Iran: Ausländerhetze statt Arbeitsplätze

Aus der am kaspischen Meer gelegenen Region Masandaran sind ausländerfeindliche Töne aus amtlichem Munde zu hören.
Der für Sicherheits- und Politikfragen verantwortliche Vertreter der Regionalverwaltung Hadi Ebrahimi erklärte gegenüber der staatlichen iranischen Nachrichtenagentur IRNA, dass der Aufenthalt von Afghanen in dieser Region ab dem 1. des iranischen Monats Tir (also dem 21. Juni 2012) verboten sind. Eigentlich gibt es schon seit fünf Jahren diesbezügliche Einschränkungen, aber die wurden anscheinend nicht konsequent umgesetzt.

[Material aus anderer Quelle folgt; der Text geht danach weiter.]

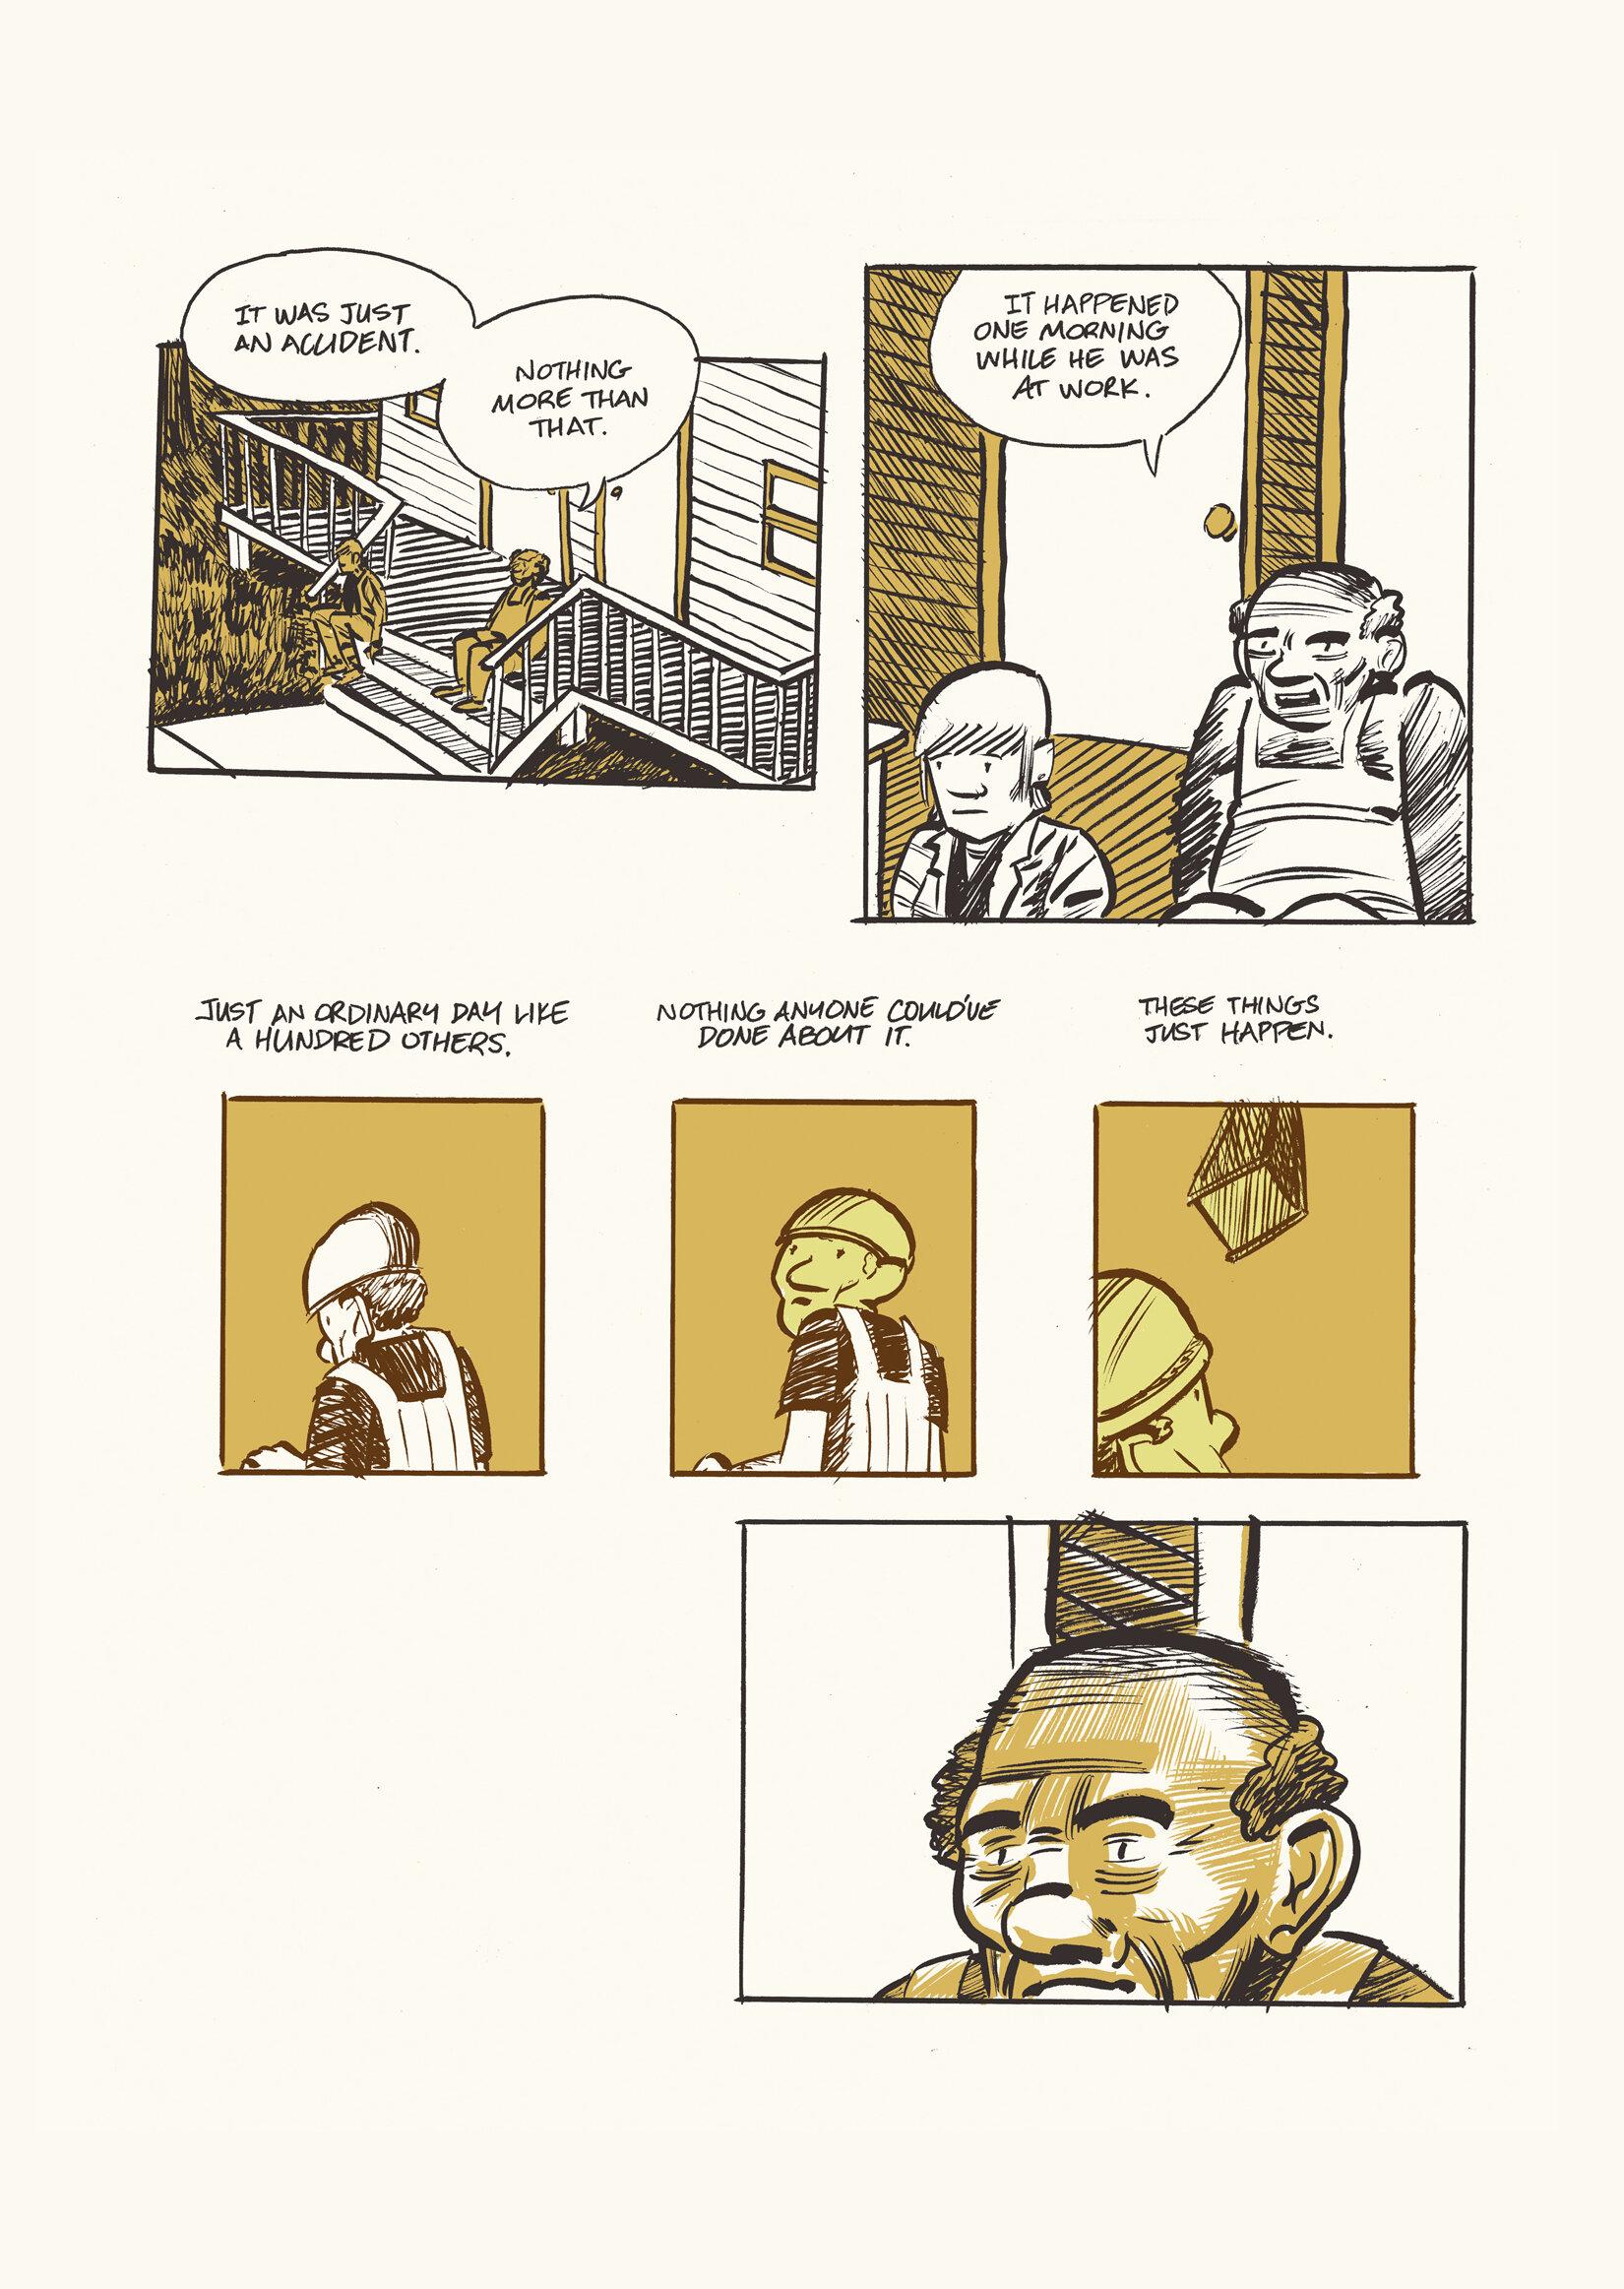 G Page 019.jpg

Arbeitsverbot, Heiratsverbot
Ab dem 1. Tir (21. Juni) ist es iranischen Frauen in Masandaran verboten, afghanische Männer zu heiraten, Arbeitgeber dürfen keine Afghanen mehr beschäftigen.
Hadi Ebrahimi gab keinerlei Gründe für diese ausländerfeindliche Maßnahme an, aber man kann vermuten, dass die iranischen Behörden auf diesem Weg von ihrer katastrophalen Wirtschaftspolitik ablenken wollen und einen Sündenbock für die massiv steigende Arbeitslosigkeit suchen.
Wie man sieht, sind die im Iran herrschenden Mollas und Pasdaran treue Kinder westlicher Politiker, die ähnliche Rezepte anbieten, wenn es um die Bekämpfung von Arbeitslosigkeit geht.